= Edward Broughton =

English convict and murderer

Edward Broughton (1803 – 5 August 1831) was an English convict turned serial killer who was transported to Van Diemen's Land for fourteen years for house-breaking. He escaped from Sarah Island in Macquarie Harbour with four other convicts and he later confessed to murdering three of his companions and resorting to cannibalism. He and the other survivor Matthew MacAlboy were hanged in Hobart for their crimes.

==Early life==

Edward Broughton was born in Dorking in 1803, and had run away from home when he was eleven. He earned his living by petty thieving and later became a highway robber using violence.

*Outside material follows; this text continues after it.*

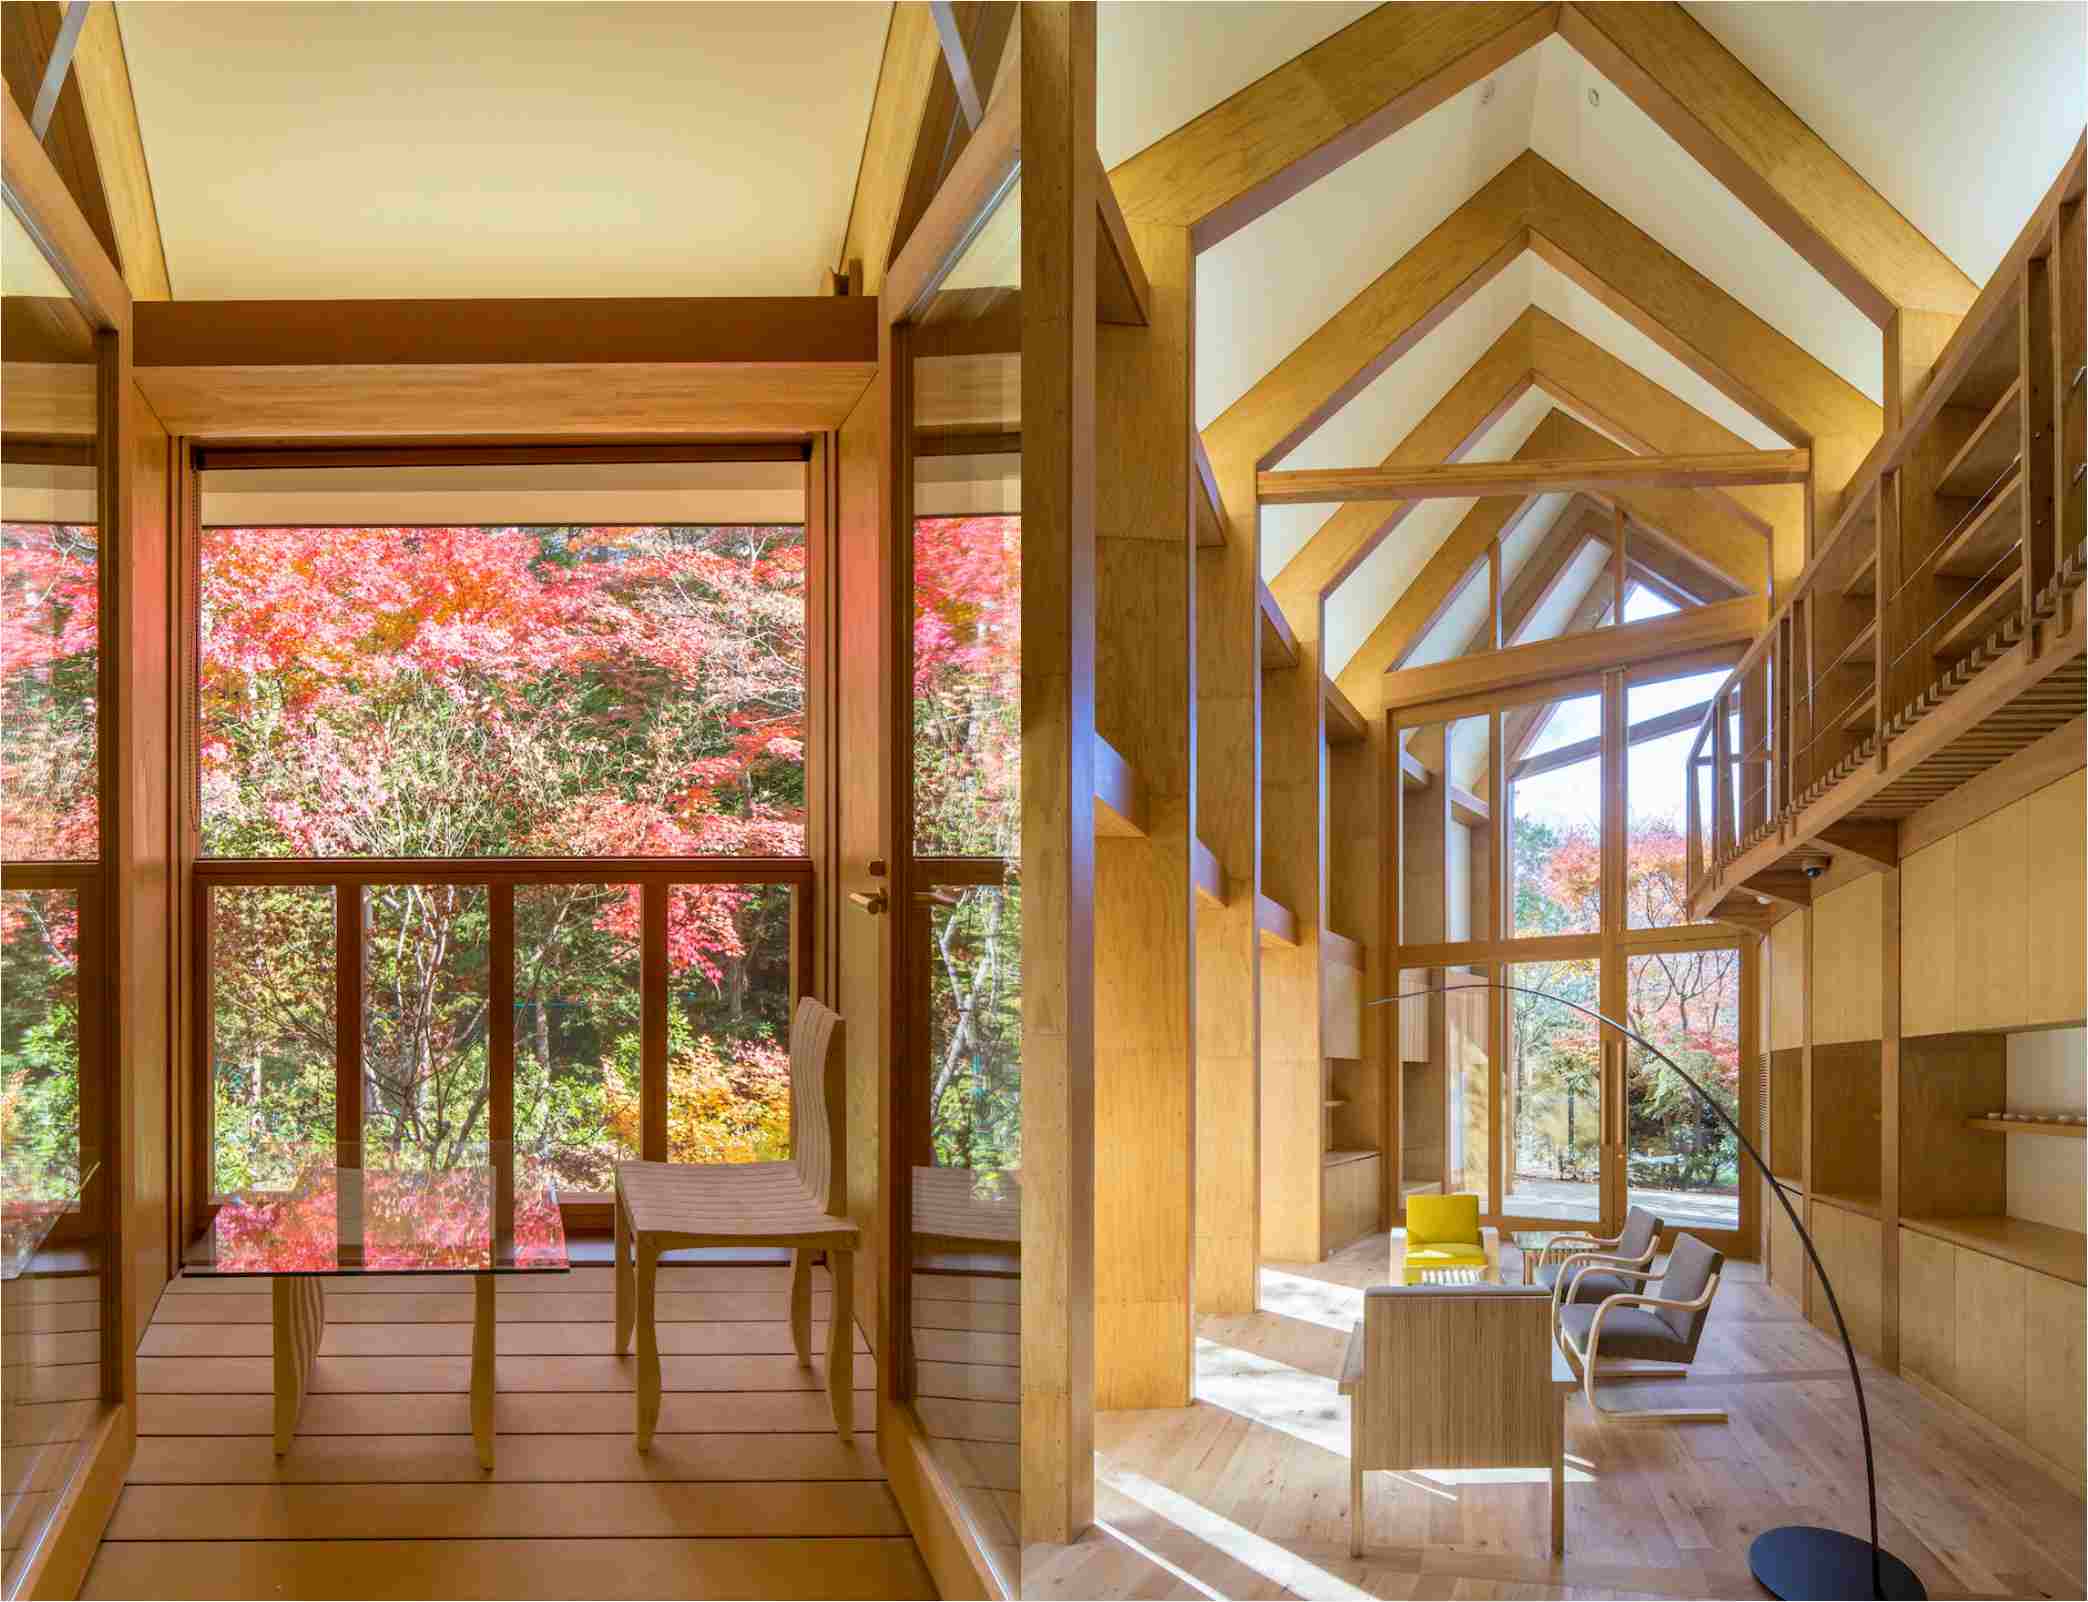 1호관 내부에서의 풍경. 일본 전통 주택에서 '창'은 자연을 집 안으로 들인다는 의미를 가져요.

In 1822 he was convicted of house breaking and served two years in Guildford Gaol. Another conviction for house breaking and he was transported to Van Diemans Land on board the Earl St Vincent in 1826. After being in the Colony for about 10 days he again started his criminal enterprise. He was caught stealing a blanket at Sandy Bay and was sentenced to the penal establishment at Sarah Island in Macquarie Harbour.
3 September 1830 five men ran away from the settlement, Richard Hutchinson, William Coventry, Patrick Fagan, Mathew Macavoy, and Broughton, and that they were upwards of thirty days before the two survivors surrendered themselves at Macguire's Marsh near Osterley.

==Trial and sentencing==

The two survivors concocted the story that after running for six days they left Hutchison and Coventry behind after the men couldn't swim across a river. They later came across some hostile Indigenous occupants and Fagan got speared.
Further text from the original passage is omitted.